Reliability of Training Data Sets for ML Classifiers: A Lesson Learned from Mechanical Engineering
MetadataShow full item record
Original versionJuric, R., Danilchanka, N., & Mousavi, M. G. (2020, January). Reliability of Training Data Sets for ML Classifiers: a Lesson Learned from Mechanical Engineering. In T. X. Bui (Red.), Proceedings of the 53rd Hawaii International Conference on System Sciences (s. 891-900). https://doi.org/10.24251/HICSS.2020.111
The popularity of learning and predictive technologies, across many problem domains, is unprecedented and it is often underpinned with the fact that we efficiently compute with vast amounts of data and data types, and thus should be able to resolve problems, which we could not in the past. This view is particularly common among scientists who believe that the excessive amount of data, we generate in real life, is ideal for performing predictions and training algorithms. However, the truth might be quite different. The paper illustrates the process of preparing a training data set for an ML classifier, which should predict certain conditions in mechanical engineering. It was not the case that it was difficult to define and choose classifiers, in order to secure safe predictions.

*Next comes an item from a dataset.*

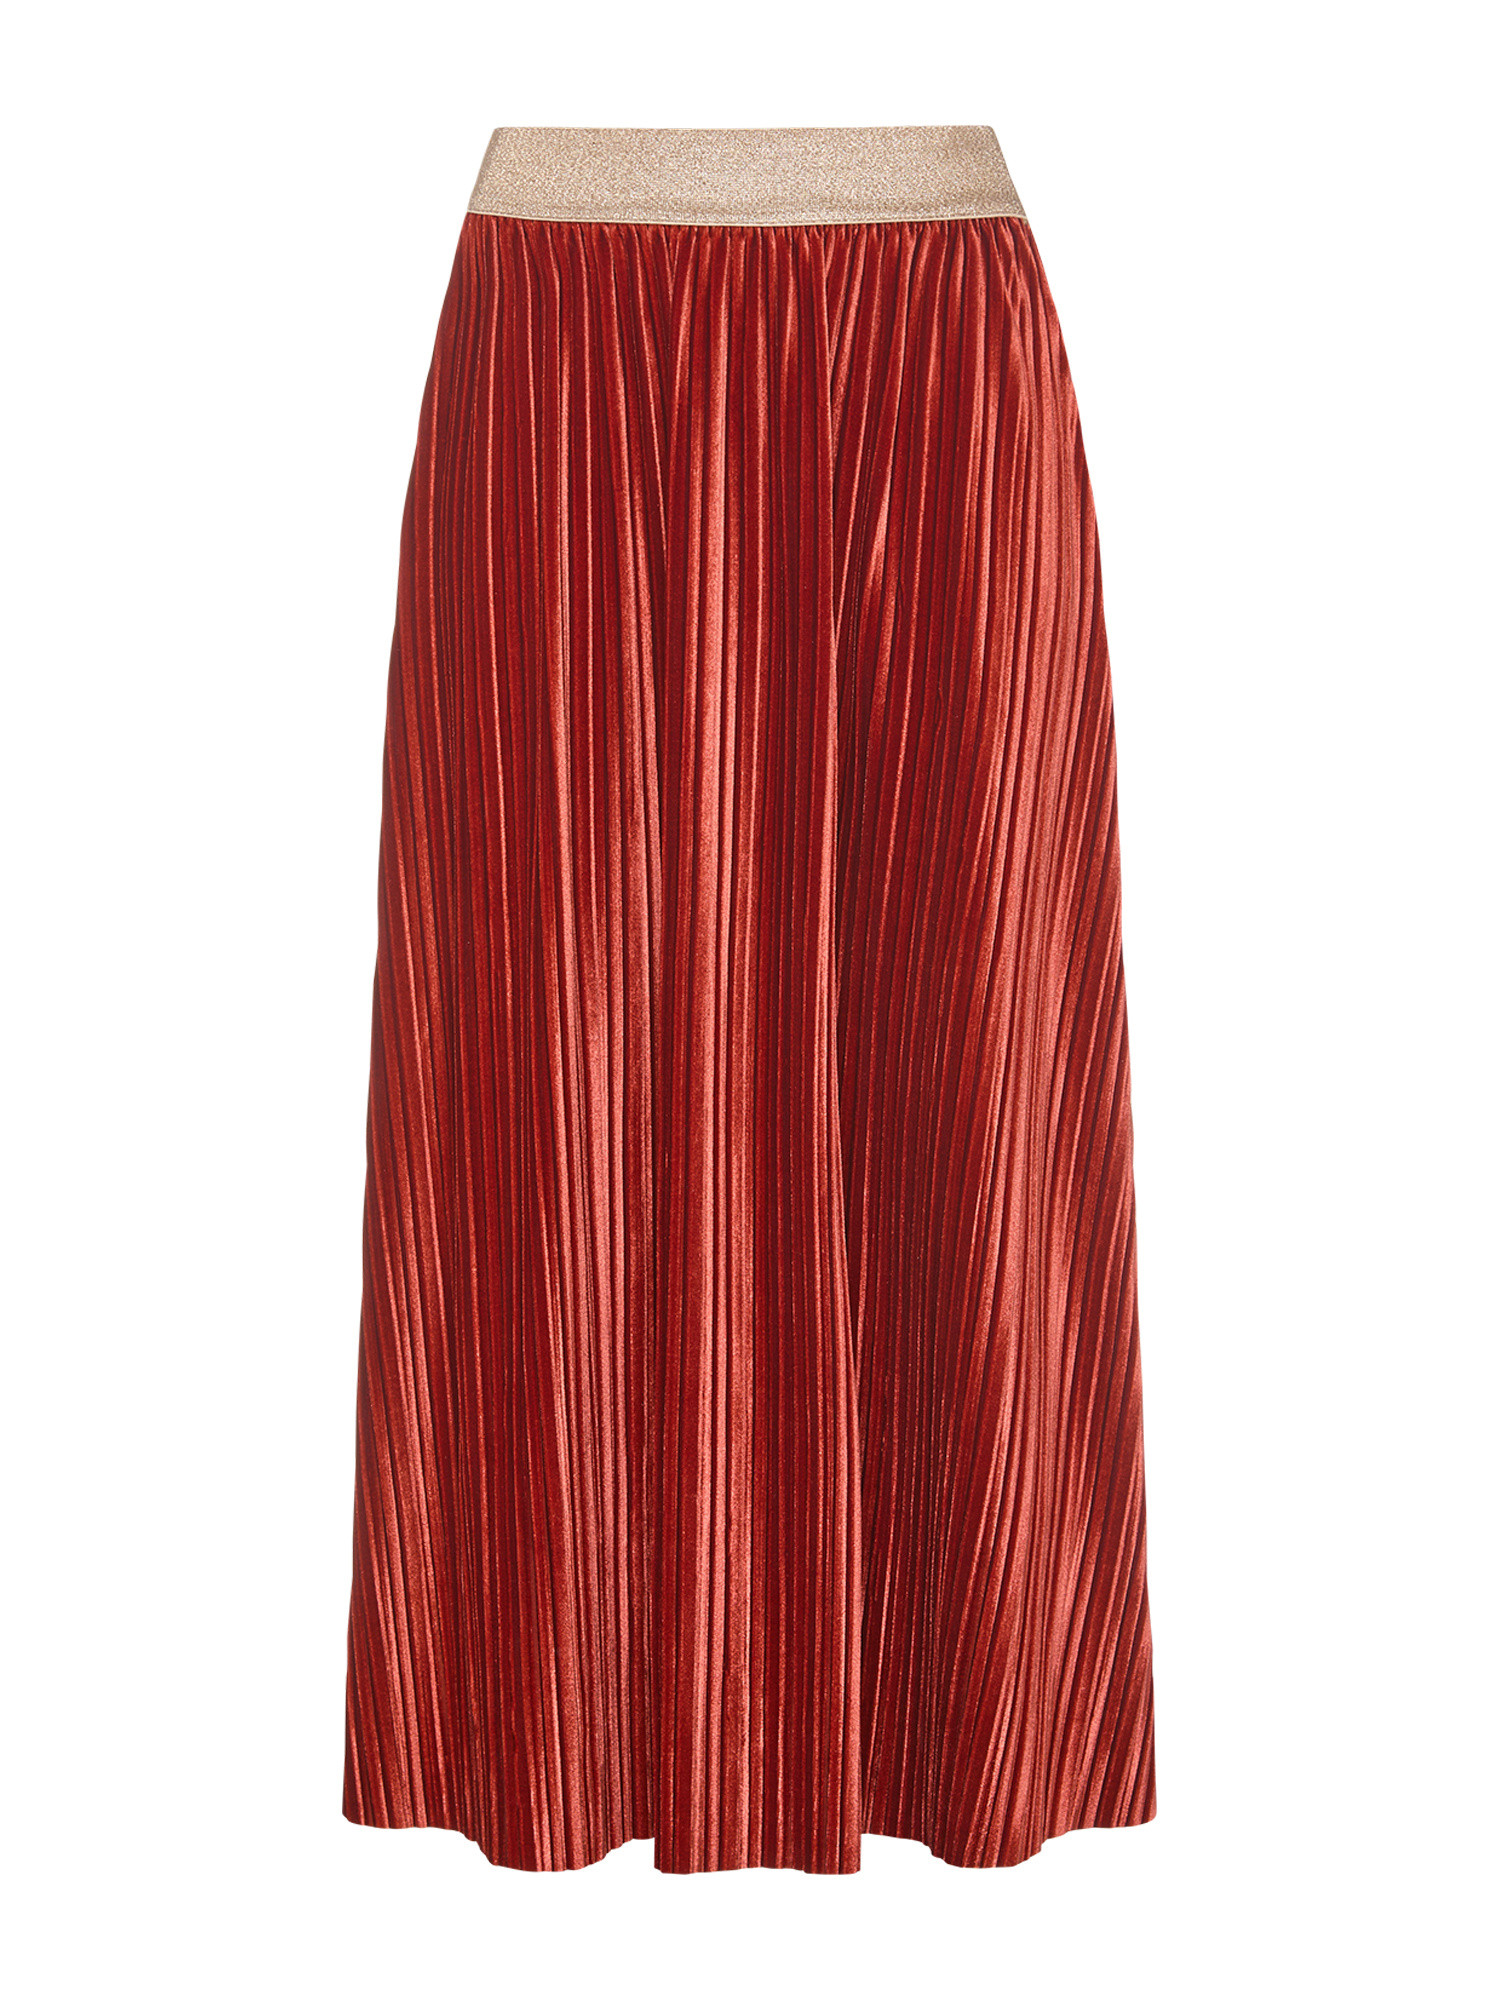 Koan Collection Расклешенная юбка из бархата с плиссированным эффектом., бледно-коричневый
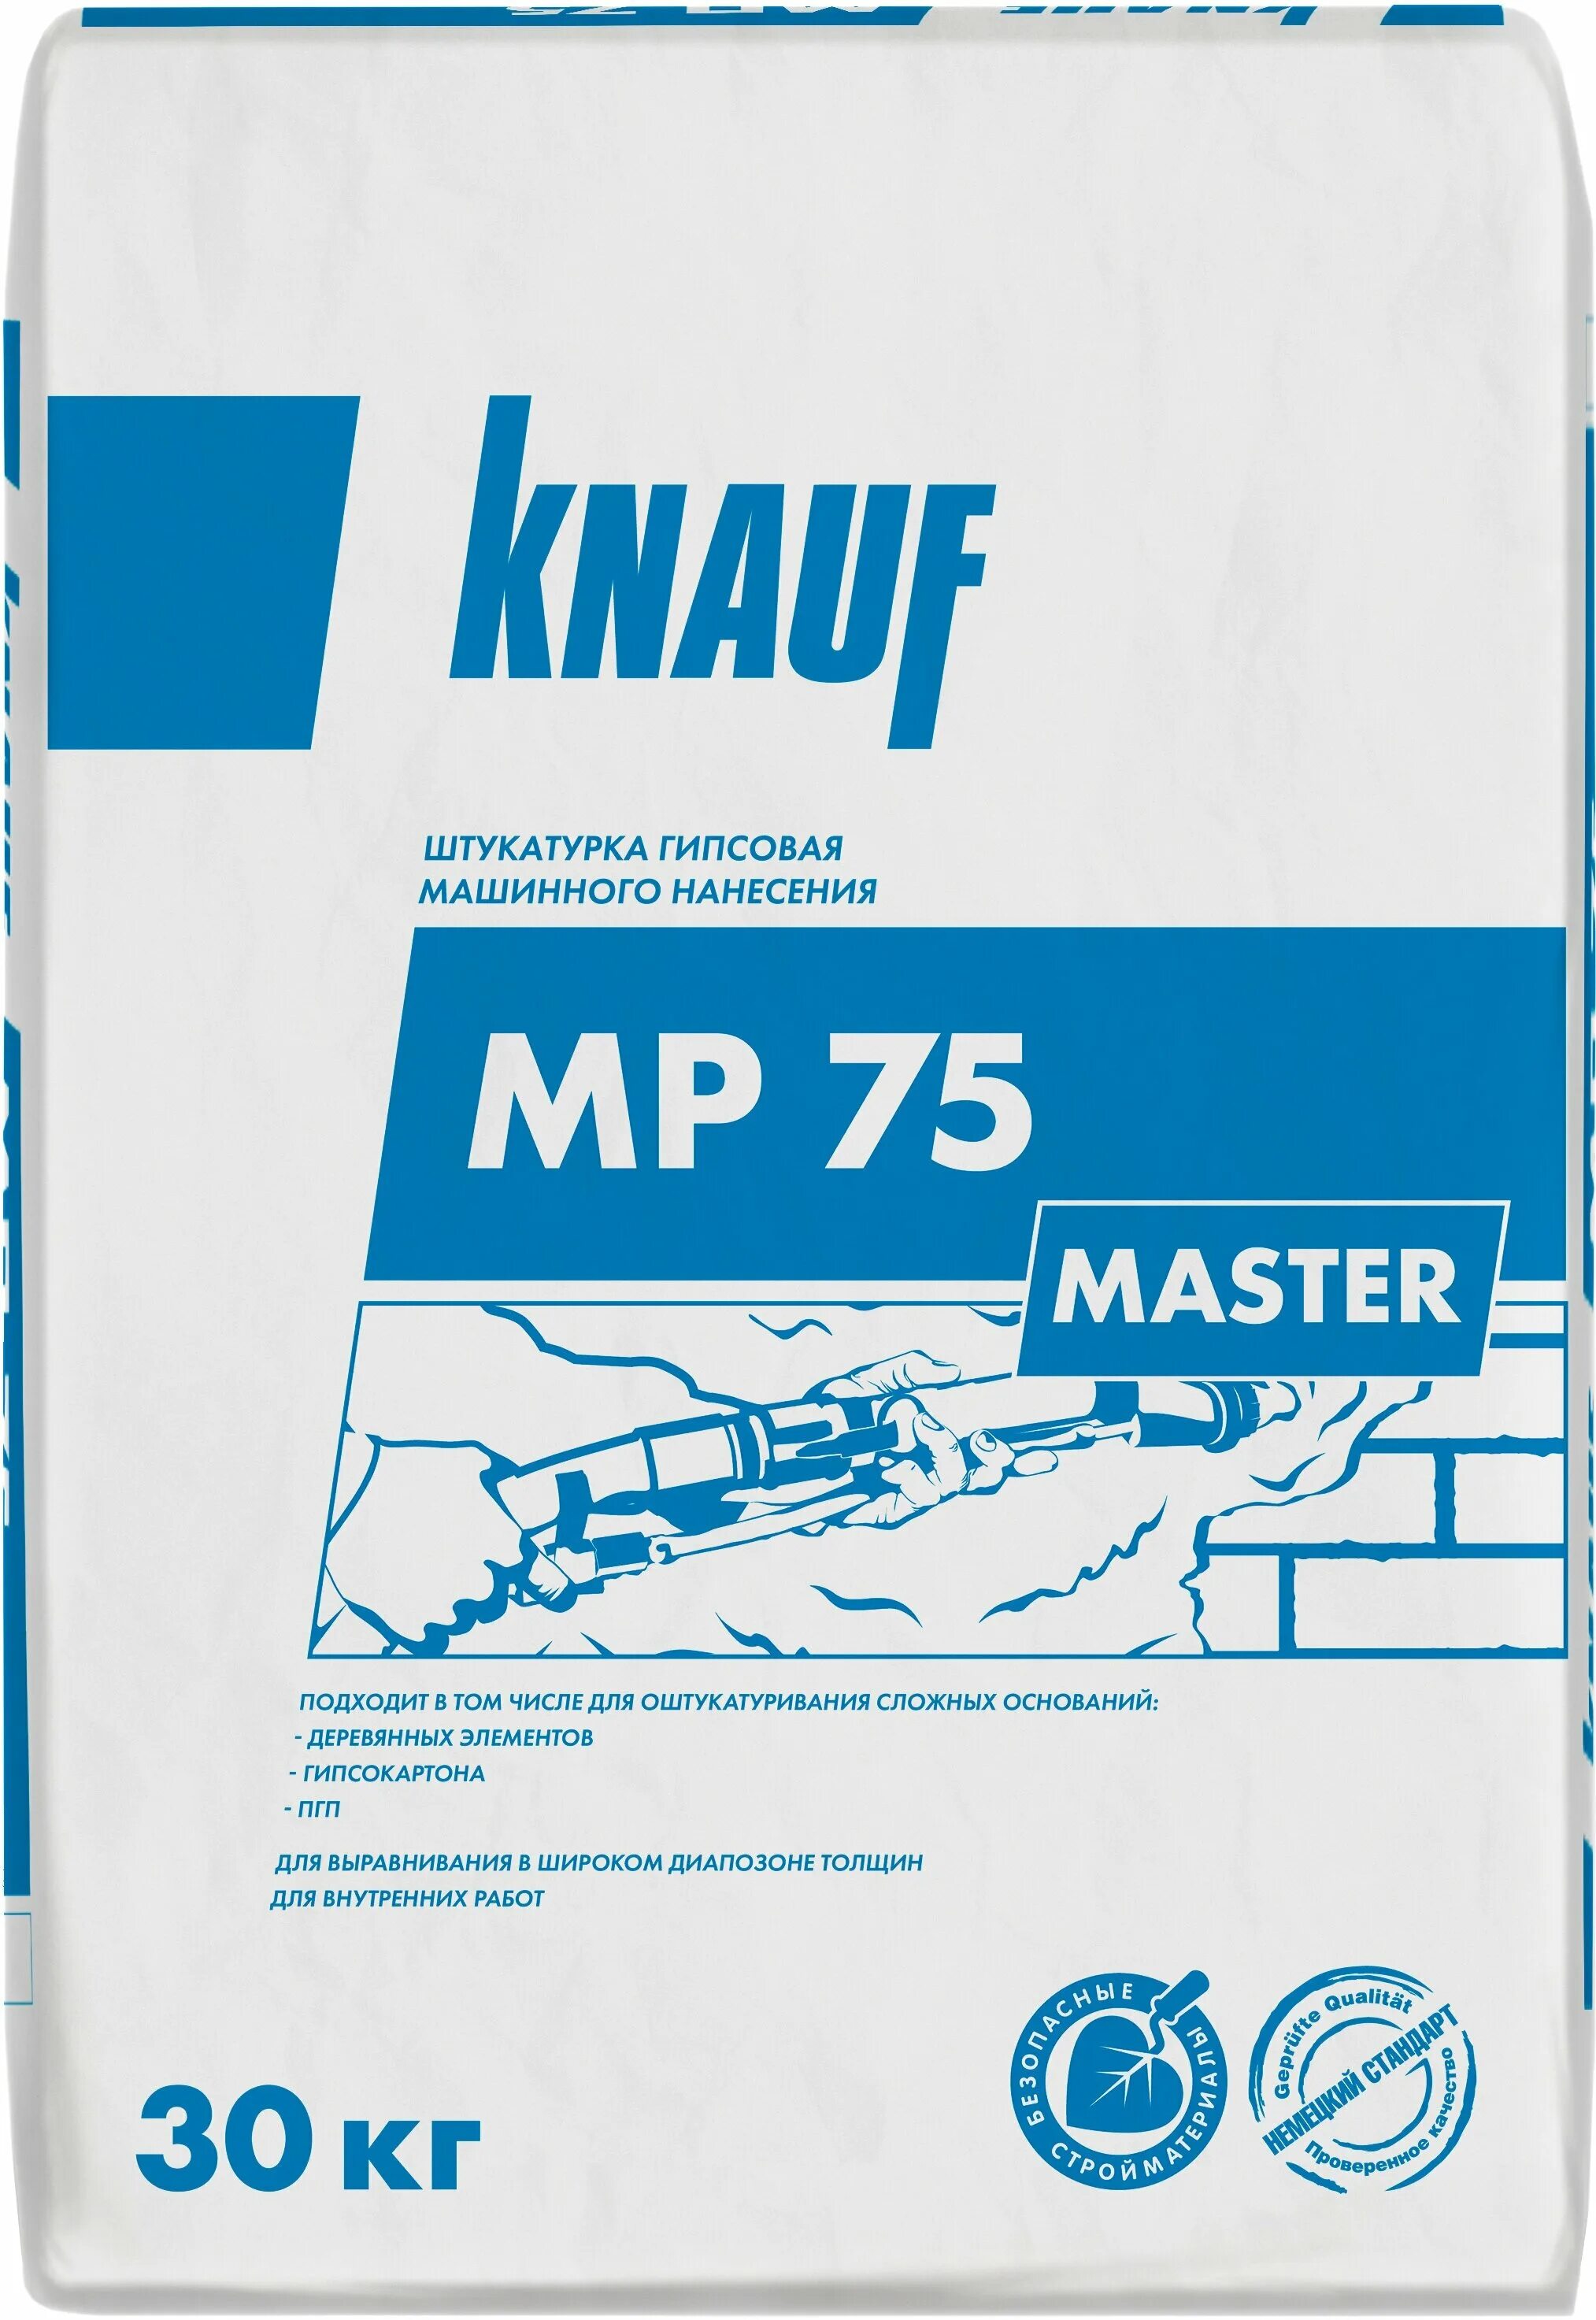 Кнауф мп 75 купить. Штукатурка гипсовая Knauf МП-75. МП-75 Кнауф штукатурка. Штукатурка механизированная гипсовая Knauf МП 75 мастер 30 кг. Штукатурка гипсовая Кнауф МП 75 30 кг.

It was our inability to create a safe, reliable and trustworthy training data set, from scientifically proven experiments, which created the problem. This places serious doubts on the way we use learning and predictive technologies today. It remains debatable what the next step should be. However, if in ML algorithms, and classifiers in particular, the semantic which is built-in data sets, influences classifier’s definition, it would be very difficult to evaluate and rely on them, before we understand data semantics fully. In other words, we still do not know how the semantic, sometimes hidden in a data set, can adversely affect algorithms trained by them.